*** Data records Section Begins ***
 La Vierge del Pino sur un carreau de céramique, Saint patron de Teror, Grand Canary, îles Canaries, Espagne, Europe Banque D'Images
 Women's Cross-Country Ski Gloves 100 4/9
*** Data records Section Ends ***
*** Data records Section Begins ***
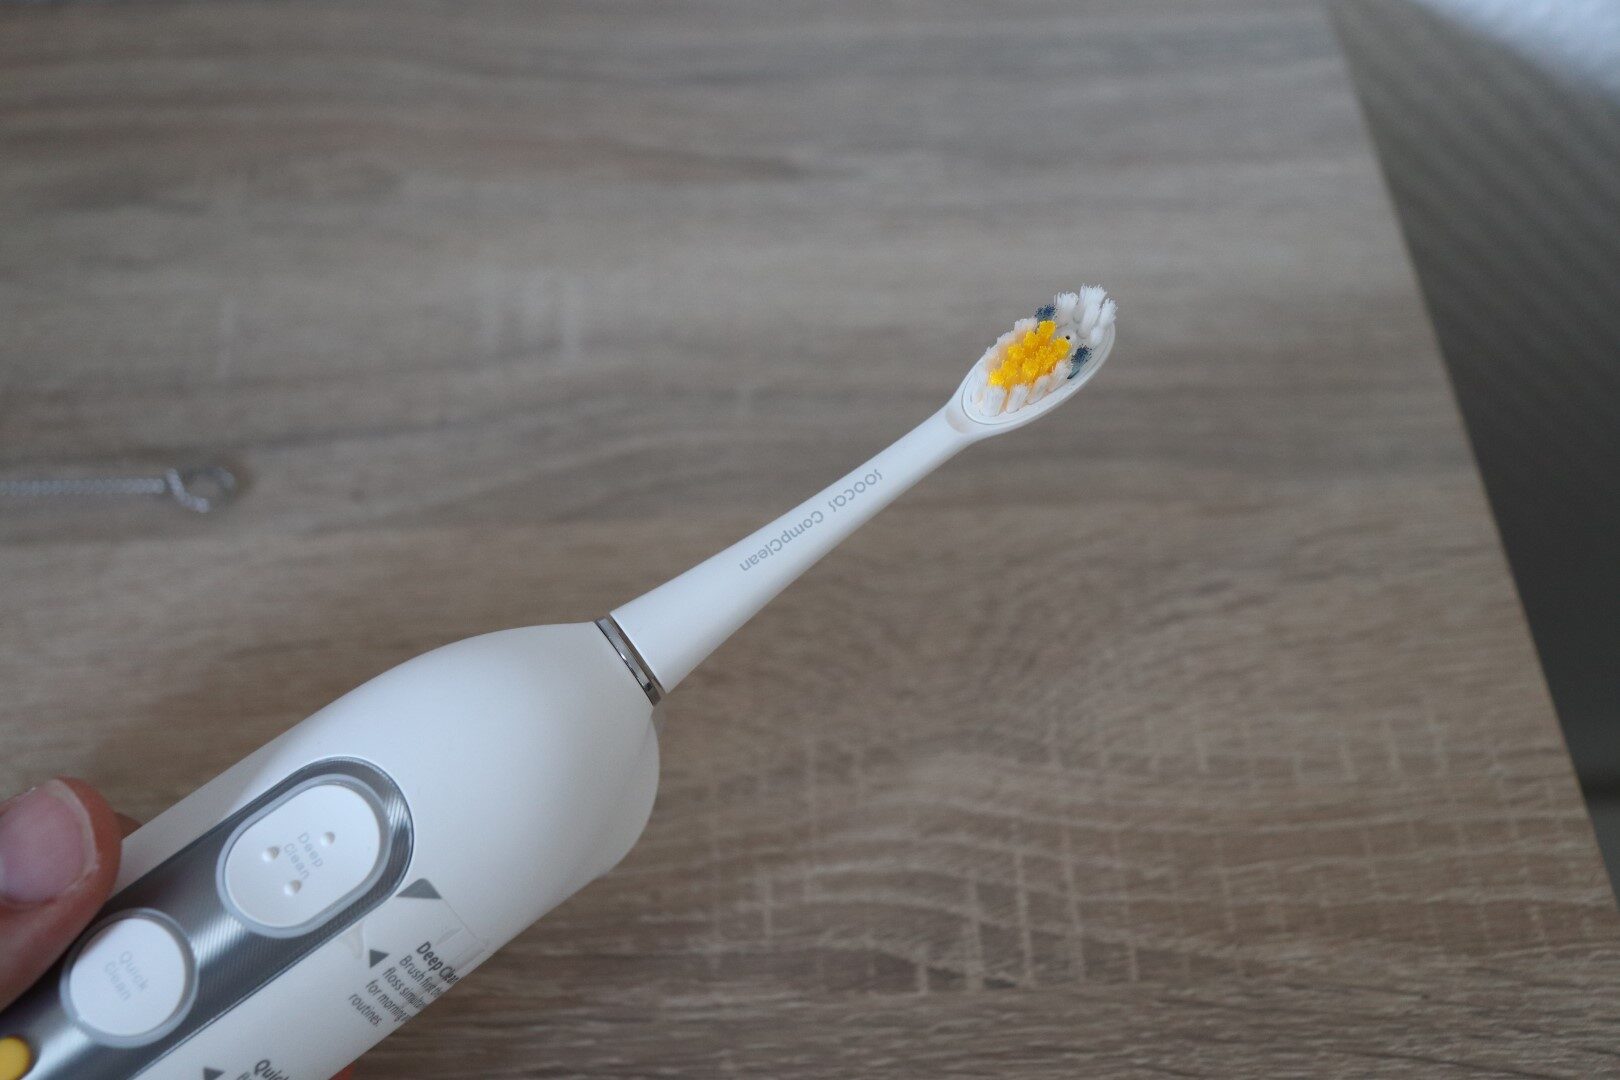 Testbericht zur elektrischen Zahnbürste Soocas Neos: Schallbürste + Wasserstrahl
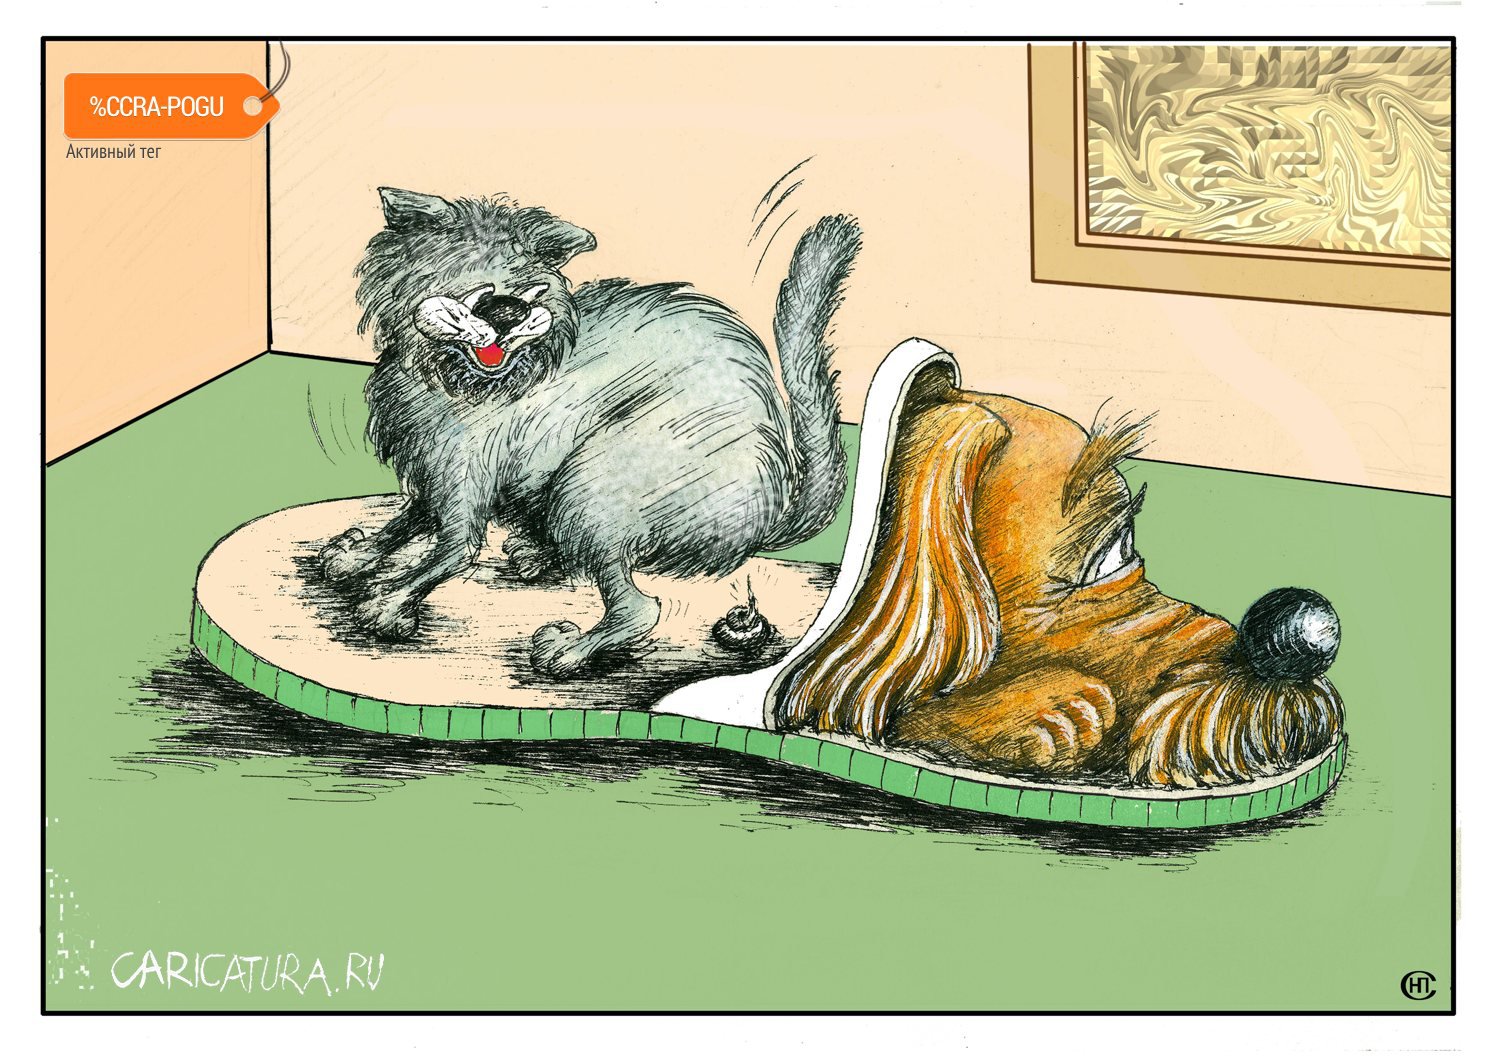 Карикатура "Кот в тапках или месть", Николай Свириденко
*** Data records Section Ends ***
*** Data records Section Begins ***
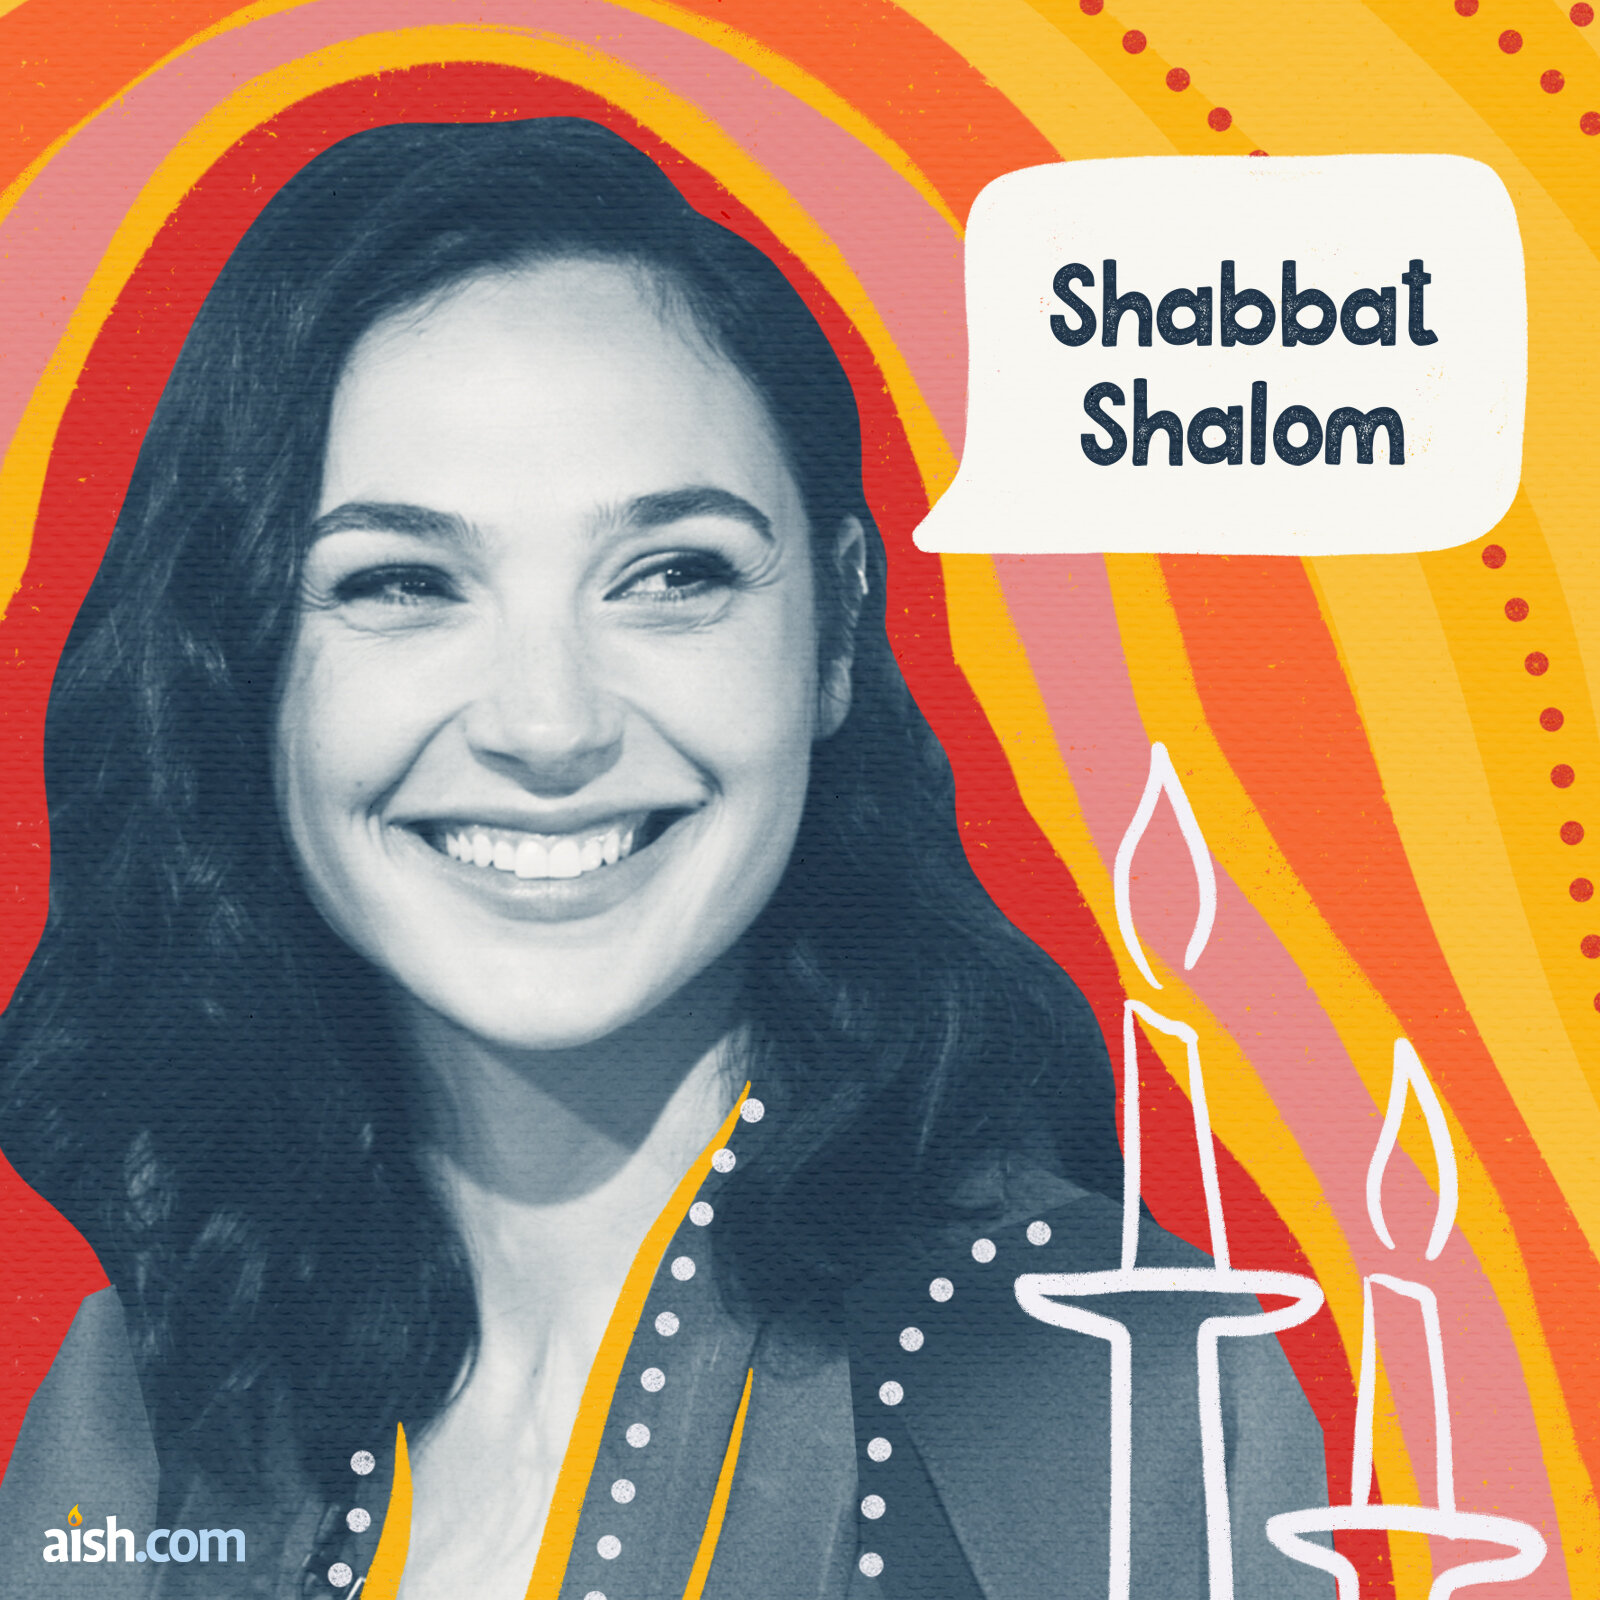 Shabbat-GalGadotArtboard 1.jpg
*** Data records Section Ends ***
▶ _Exercise requirements_
Beginning with the line above that contains "Testbericht zur elektrischen" and finishing with the line that contains "в тапках или", print those lines exactly and only. Skip all pictures.

▶ _Answer for the task_
 Testbericht zur elektrischen Zahnbürste Soocas Neos: Schallbürste + Wasserstrahl
 Карикатура "Кот в тапках или месть", Николай Свириденко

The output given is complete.